11.1. If inter.net is assigned by the customer according to the application form or the service specification for the registration and hosting of a certain domain, Inter.net acts on behalf and by order of the customer towards the respective responsible registration authority and administrative office. All contracts concluded for registration are exclusively signed between the customer and the respective responsible registration and administrative office. On each domain a particular contract is concluded between the customer and the respective responsible registration and administrative office.

For these contracts the GTC and otherwise provided regulations of the respective responsible registration and administrative office are valid. The contractual relationship between the customer and the respective registration and administrative office will remain unaffected from the termination of the contract between Inter.net and the customer.

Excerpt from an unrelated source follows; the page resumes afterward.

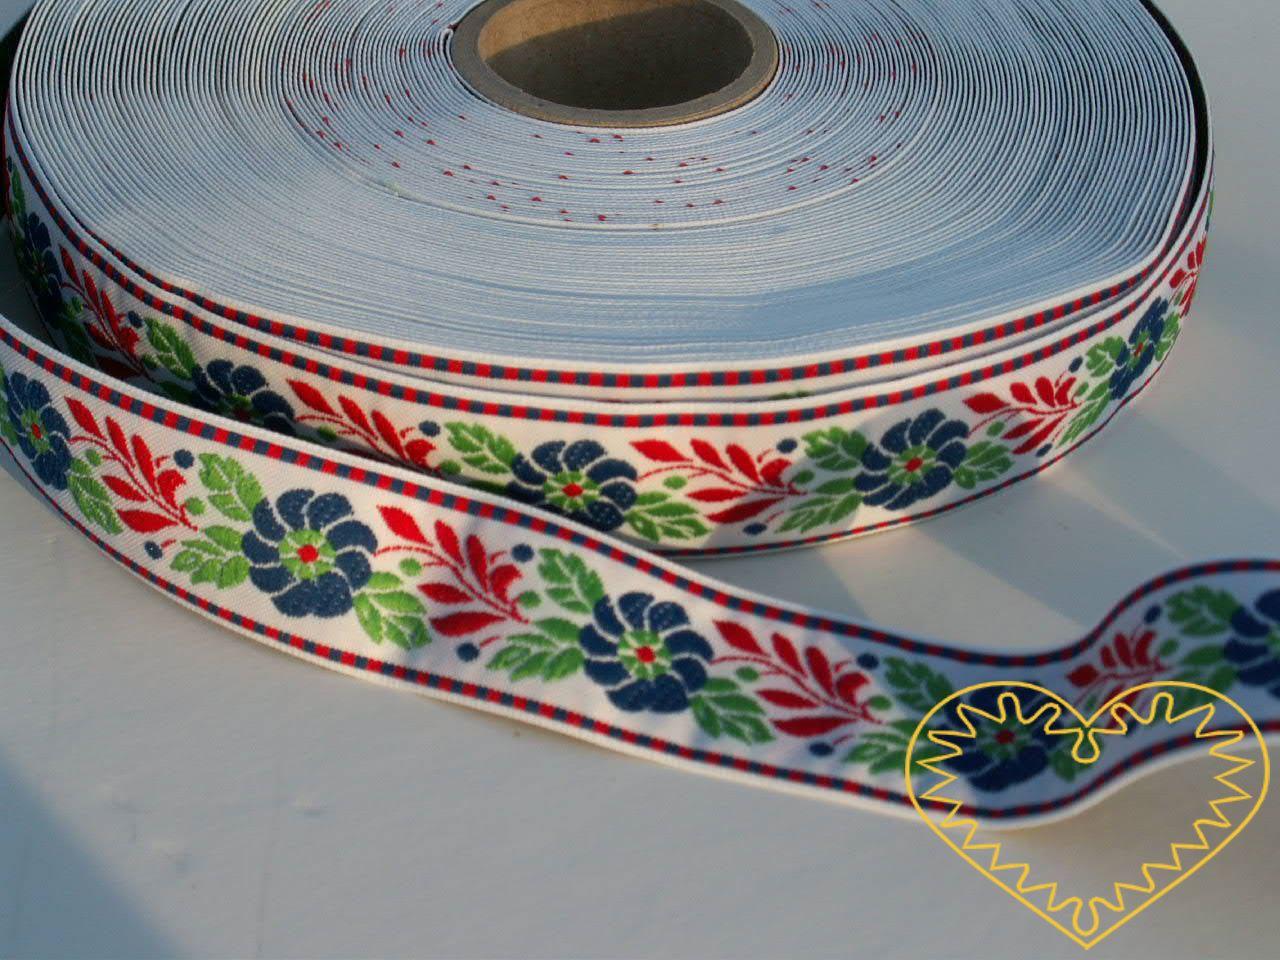 Bílá krojová stuha se vzorem - vzorovka - šíře 2,5 cm. Textilní tkaná stuha s modrými květy a červenými a zelenými lístky se uplatní zvláště při výrobě krojů a předmětů tradiční lidové kultury. Vhodná též k lemování tkanin a šatů panenek a maňásků.

11.2. During the term of the contract between Inter.net and the customer all costs for registration and hosting are covered by the fee as agreed with Inter.net.

11.3. Inter.net does not guarantee that a domain name requested by the customer may be registered as a domain. There is no entitlement to a particular domain. A verification on the legal admissibility of the domain is neither owed or done by Inter.net nor by the respective responsible registration and administrative office.

11.4. If a domain is registered for the customer, website or e-mail access will be provided under this domain on request of the customer. Para. 8 and para. 9 of these terms are valid accordingly.

11.5. If Inter.net offers to the customer the possibility to continue an already registered domain with another provider on the name of the customer, all costs arising from the take-over of the domain to Inter.net from the other provider are borne by the customer. Conversely upon written request from the customer Inter.net will for free release a domain requested on behalf and by order of the customer for the purpose of continuation with another provider if the due fees are paid in full.

11.6. The customer will cooperate at take-over, registration, change or deletion of a domain within the requested scope and will give all necessary statements.

12. Access Codes

12.1. As far as the customer requires access codes or dialin codes for the use of services provided by Inter.net, these will be sent to the customer electronically or by mail. Inter.net indicates that the security of a shipment, whether electronically or by mail, is not guaranteed.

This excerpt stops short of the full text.